WHY DON'T WE TELL?

Raman, 40, will be celebrating the 'Silver Jubilee', this month. Twenty-five years ago, when he was 15, he had a showdown with his father. The communication between the father and son broke down that day. Staying under the same roof, they haven't spoken a word with each other, since then. So many have tried to broker peace, but in vain. The deadlock continues; the 'wall' still stands.

The best time to knock down this wall is even before its foundation is being laid. The decision to embark on an ego-trip is akin to the decision to ride on a tiger's back. Once you mount, you had better know that you are at the man-eater's mercy. Even though you don't like it, you continue to ride. To get off his back is to offer yourself for his lunch!

Ego-trip is a dangerous path. It is a path of 'no return'. No one has ever made it on this path... Never, ever. The best way to make it is never to venture into it in the first place. Leave the beast alone.

How important is peace to us? How dearly do we value the relationships in our life? What is more important to us: to be right, or to be happy and peaceful? What is more honourable: being adamant,rigid, and remain in an endless turmoil of confrontation, or being pliable, flexible, and experience simple joy and brotherhood?

The choice is always there before us. It doesn't take a great effort to make peace. It always takes a clear intention, the will of our soul. It comes from the deep, inner longing. The heart longs for it; the soul longs for it... Then, the mind simply surrenders to that longing. Ego is the play of mind. To love, to experience peace and healing, we need to heed to the voices of our hearts, our souls. It is always a childlike, innocent yearning. It is always simple and uncomplicated. All that we have to do is to say 'Yes' to this voice.

Peace eternally awaits us on the other side of the wall! When the wall comes down, we will realise, how stupid we had been all along... weaving all sorts of stories about the 'bizarre people' on the other side - hating them, condemning them, swearing to destroy them... When the wall comes down, we will realise how similar we all are - yes, the East Germans and the West Germans ... the citizens of the US and the USSR. Between the Twiddle Dee's and the Twiddle Dum's runs not only a river but also a wild human mind!

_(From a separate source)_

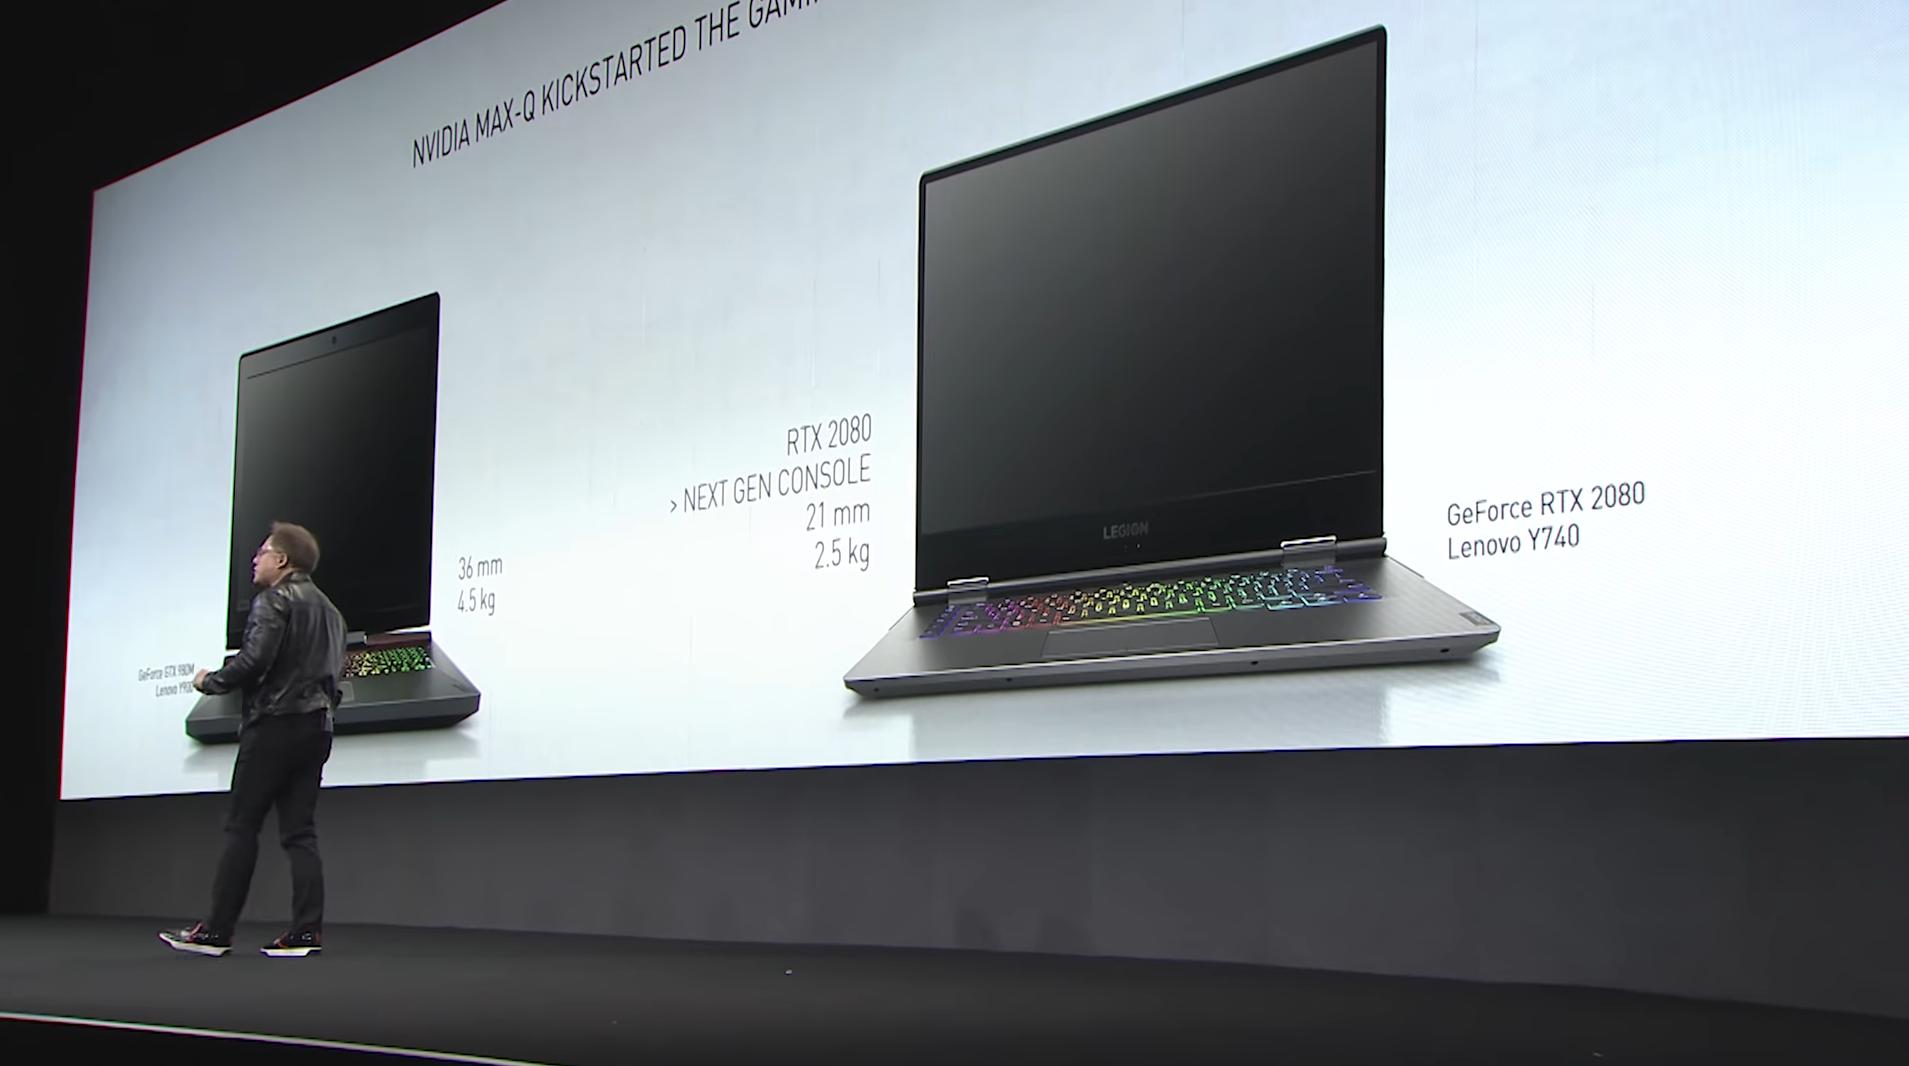 NVIDIA уже победила Sony: похоже, GeForce RTX 2080 окажется мощнее PlayStation 5

When the walls collapse, the men, women and children simply cry. Simply rejoice, celebrate.

We need to communicate our intention. We need to express our desire for peace and brotherhood. There is no other way to bring the wall down; no miracle is going to happen. The wall will come down, only when we 'will' for it. Raman will speak to his father - or the father to Raman - only when they 'will' for it, earnestly yearn for peace.

The story of the Hindi movie 'Shakti' is a moving testimony for this invisible wall called 'ego'. The ace storytellers - Salim-Javed - had scripted this story so brilliantly. How the upright father, Dilip Kumar, and the rebellious son, Amitabh Bachchan, love each other but suffer the hell-fire of a long ego trip... how, one moment, their hearts bring them so close to each other, and, then, how, the very next moment, their ego-soaked minds take them away, so far ... This is a remarkable saga of simple love being made complicated by lack of clear intention and communication. In the final scene, Amitabh, the son who had strayed away into the criminal path, is shot down by his father, Dilip Kumar, the uncompromisingly honest police officer. In this scene, the son dies in the arms of his father. Before the last breath goes out, the father keeps urging his son not to go away... but, the son keeps saying that it is not possible, that he has to. The father fervently reminds, for the last time, to his son:

"Son, I have always loved you."

The son asks: "Dad, then, why didn't you tell me that?"

One must be a rock not to melt, when the son dies with those words!

Yes, why don't we tell, that we love?

Raman, it is not too late, dear, to tell... or, even, to ask.


GERALD D'CUNHA

Comments

Girish Dhameja said…
Yes, An Egotrip leads nowhere. Every one suffers from ego at some or the other time of there life but we need to control that or its the ego which control our life.
And the same happened to me! as if u r telling me my own story...I didnt say those golden words so far, but I will...I have to!!
Shankar said…
More than 3 months, since the last post? What's the matter?